Extracted data
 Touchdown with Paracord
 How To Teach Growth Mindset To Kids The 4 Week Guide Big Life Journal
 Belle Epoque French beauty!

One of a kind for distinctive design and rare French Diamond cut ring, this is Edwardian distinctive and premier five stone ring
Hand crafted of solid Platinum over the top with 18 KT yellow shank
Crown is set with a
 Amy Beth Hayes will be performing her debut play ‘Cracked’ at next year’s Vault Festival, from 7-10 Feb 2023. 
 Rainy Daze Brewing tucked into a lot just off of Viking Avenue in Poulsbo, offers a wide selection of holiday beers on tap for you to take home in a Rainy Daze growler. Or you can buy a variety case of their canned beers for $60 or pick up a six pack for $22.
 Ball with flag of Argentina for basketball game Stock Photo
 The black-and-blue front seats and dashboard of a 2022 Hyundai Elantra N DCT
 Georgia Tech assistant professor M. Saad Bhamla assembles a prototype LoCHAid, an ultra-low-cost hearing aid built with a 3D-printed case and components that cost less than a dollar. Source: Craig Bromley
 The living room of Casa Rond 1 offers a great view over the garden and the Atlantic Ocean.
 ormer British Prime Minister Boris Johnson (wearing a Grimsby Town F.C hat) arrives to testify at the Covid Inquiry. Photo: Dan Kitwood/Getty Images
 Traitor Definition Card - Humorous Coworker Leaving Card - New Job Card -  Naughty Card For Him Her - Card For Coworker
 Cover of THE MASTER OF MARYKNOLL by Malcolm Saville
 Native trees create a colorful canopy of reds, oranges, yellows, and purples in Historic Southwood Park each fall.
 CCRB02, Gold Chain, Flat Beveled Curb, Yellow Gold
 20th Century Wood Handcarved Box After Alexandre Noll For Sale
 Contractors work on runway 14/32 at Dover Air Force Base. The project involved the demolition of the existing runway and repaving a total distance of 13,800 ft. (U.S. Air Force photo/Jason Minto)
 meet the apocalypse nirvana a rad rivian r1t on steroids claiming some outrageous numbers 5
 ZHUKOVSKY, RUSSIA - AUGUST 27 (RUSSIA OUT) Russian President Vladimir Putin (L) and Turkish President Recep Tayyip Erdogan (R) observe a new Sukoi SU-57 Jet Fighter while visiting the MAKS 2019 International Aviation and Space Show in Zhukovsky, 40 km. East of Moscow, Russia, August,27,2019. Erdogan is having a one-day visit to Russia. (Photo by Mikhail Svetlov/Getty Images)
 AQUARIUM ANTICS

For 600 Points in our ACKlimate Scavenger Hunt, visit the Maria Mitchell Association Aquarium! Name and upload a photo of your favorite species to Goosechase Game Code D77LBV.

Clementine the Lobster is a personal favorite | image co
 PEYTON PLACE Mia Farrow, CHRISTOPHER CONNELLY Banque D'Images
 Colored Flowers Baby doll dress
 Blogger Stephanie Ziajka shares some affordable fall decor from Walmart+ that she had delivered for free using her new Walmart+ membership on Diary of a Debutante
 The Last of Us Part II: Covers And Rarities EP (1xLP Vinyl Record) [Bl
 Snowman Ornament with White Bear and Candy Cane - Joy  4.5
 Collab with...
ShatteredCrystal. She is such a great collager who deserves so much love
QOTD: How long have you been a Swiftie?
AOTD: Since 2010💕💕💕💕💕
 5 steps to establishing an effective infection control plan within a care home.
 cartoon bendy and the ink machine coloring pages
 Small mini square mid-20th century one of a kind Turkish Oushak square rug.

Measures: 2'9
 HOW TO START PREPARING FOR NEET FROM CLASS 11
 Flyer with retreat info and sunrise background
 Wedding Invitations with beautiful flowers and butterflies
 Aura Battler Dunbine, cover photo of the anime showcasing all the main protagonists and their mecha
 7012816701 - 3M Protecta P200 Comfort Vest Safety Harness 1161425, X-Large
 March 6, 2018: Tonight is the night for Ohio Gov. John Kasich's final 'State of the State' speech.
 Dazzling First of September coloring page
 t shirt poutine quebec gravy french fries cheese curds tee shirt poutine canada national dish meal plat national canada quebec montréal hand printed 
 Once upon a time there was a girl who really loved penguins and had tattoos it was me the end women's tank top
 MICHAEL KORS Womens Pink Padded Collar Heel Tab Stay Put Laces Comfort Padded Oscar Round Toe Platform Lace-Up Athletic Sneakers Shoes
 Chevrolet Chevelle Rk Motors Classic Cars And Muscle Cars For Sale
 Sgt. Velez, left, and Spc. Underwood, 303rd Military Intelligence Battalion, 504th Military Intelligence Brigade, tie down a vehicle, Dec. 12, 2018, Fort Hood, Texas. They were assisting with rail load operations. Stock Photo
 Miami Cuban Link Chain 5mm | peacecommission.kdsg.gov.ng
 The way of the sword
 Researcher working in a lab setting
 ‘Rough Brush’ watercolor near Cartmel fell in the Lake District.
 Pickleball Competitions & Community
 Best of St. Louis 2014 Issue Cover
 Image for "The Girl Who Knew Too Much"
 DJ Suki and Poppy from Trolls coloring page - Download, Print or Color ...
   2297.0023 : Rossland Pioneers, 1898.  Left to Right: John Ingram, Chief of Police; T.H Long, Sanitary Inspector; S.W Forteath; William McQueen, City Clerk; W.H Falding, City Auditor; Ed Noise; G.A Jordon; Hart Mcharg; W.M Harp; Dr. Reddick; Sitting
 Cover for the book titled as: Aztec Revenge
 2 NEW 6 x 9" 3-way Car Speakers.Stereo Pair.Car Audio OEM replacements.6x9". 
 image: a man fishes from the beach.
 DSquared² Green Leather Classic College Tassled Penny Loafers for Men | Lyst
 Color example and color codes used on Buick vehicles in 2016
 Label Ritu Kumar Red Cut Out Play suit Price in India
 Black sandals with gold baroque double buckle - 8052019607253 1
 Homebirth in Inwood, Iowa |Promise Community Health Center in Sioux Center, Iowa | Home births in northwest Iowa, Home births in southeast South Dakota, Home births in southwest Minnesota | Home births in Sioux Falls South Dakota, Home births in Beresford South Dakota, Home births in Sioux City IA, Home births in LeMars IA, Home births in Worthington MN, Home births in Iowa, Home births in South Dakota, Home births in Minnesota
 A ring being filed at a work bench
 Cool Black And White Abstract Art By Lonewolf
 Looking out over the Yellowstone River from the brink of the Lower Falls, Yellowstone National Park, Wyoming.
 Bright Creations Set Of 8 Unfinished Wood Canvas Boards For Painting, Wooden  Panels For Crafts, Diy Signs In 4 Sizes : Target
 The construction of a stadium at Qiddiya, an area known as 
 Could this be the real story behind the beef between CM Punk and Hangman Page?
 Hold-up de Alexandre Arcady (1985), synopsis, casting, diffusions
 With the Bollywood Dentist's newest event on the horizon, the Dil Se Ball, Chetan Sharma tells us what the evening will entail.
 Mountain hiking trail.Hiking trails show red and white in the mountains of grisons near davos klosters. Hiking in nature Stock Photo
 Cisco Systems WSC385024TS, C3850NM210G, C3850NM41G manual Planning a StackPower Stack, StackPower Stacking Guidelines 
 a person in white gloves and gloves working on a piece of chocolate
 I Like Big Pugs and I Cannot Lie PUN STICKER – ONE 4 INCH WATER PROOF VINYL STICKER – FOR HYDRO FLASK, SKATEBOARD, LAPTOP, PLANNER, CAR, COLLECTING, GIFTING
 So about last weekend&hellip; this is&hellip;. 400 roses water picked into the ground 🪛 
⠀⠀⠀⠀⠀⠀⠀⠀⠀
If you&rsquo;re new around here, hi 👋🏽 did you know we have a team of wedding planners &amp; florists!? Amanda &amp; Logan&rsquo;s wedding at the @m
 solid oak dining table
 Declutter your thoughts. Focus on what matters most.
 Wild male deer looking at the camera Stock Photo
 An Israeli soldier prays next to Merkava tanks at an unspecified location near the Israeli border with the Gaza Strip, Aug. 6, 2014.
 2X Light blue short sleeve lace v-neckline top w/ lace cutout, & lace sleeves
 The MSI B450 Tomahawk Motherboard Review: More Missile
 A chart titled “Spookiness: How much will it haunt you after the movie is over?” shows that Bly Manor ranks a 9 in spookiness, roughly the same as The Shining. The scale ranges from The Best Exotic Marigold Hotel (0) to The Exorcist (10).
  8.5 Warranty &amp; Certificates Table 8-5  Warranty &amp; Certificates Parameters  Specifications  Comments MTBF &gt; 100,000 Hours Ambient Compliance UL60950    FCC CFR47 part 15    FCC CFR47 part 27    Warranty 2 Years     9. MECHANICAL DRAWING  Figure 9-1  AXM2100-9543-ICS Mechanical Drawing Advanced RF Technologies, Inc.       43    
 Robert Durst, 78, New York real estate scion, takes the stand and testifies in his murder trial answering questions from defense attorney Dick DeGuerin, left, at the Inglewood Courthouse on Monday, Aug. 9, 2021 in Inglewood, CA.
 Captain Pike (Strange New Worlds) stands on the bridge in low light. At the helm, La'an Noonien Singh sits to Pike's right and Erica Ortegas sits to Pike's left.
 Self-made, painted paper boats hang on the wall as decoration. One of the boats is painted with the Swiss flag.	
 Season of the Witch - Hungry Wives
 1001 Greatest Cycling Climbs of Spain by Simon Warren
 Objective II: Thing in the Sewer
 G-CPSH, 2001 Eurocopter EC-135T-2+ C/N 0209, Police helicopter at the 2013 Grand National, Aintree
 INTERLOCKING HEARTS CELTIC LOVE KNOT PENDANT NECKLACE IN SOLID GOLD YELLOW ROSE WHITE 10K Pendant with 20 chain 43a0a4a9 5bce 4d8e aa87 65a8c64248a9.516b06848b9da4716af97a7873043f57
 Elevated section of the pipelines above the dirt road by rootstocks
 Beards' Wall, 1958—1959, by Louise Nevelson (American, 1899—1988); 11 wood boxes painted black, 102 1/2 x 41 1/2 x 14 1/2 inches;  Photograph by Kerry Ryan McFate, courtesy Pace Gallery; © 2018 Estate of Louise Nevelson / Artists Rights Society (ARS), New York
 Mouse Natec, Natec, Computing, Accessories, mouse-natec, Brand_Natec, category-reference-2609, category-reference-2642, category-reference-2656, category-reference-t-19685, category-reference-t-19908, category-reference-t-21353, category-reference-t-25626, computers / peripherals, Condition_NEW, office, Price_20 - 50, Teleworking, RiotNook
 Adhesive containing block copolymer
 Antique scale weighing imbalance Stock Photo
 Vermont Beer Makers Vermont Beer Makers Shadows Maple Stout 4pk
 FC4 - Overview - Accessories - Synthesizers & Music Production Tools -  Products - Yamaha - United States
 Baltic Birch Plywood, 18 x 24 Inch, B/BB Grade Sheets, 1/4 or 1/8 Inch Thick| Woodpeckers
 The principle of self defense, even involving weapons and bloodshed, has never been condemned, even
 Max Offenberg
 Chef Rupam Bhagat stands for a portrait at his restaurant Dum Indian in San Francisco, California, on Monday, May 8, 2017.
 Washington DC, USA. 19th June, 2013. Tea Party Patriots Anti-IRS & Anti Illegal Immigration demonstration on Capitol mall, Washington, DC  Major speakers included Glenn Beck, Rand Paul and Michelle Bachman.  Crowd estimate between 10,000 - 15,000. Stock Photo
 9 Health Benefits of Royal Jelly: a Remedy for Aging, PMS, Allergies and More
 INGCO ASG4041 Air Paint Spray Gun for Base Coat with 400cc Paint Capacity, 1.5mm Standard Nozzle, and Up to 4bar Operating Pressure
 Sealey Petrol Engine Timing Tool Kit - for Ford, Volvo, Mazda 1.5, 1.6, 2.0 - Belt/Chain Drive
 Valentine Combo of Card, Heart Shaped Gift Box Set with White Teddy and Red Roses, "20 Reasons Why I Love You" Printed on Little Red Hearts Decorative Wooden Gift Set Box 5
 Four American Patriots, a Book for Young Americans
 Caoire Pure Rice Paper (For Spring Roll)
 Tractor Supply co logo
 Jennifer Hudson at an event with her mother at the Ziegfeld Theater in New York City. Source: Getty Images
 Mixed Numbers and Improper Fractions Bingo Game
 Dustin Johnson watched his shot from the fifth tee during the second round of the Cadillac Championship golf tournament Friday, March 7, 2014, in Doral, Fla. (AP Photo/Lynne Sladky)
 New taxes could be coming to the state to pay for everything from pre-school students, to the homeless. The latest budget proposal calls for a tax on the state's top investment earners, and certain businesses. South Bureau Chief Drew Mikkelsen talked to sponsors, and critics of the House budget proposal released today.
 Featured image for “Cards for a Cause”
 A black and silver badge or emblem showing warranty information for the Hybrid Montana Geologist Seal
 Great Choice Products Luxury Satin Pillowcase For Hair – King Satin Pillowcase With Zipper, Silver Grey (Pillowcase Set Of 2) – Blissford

What needs to be done
Word for word, set down the lines from the beginning of the records through the line that holds "One of a kind for". Leave out the rest.

Task answer
 Touchdown with Paracord
 How To Teach Growth Mindset To Kids The 4 Week Guide Big Life Journal
 Belle Epoque French beauty!

One of a kind for distinctive design and rare French Diamond cut ring, this is Edwardian distinctive and premier five stone ring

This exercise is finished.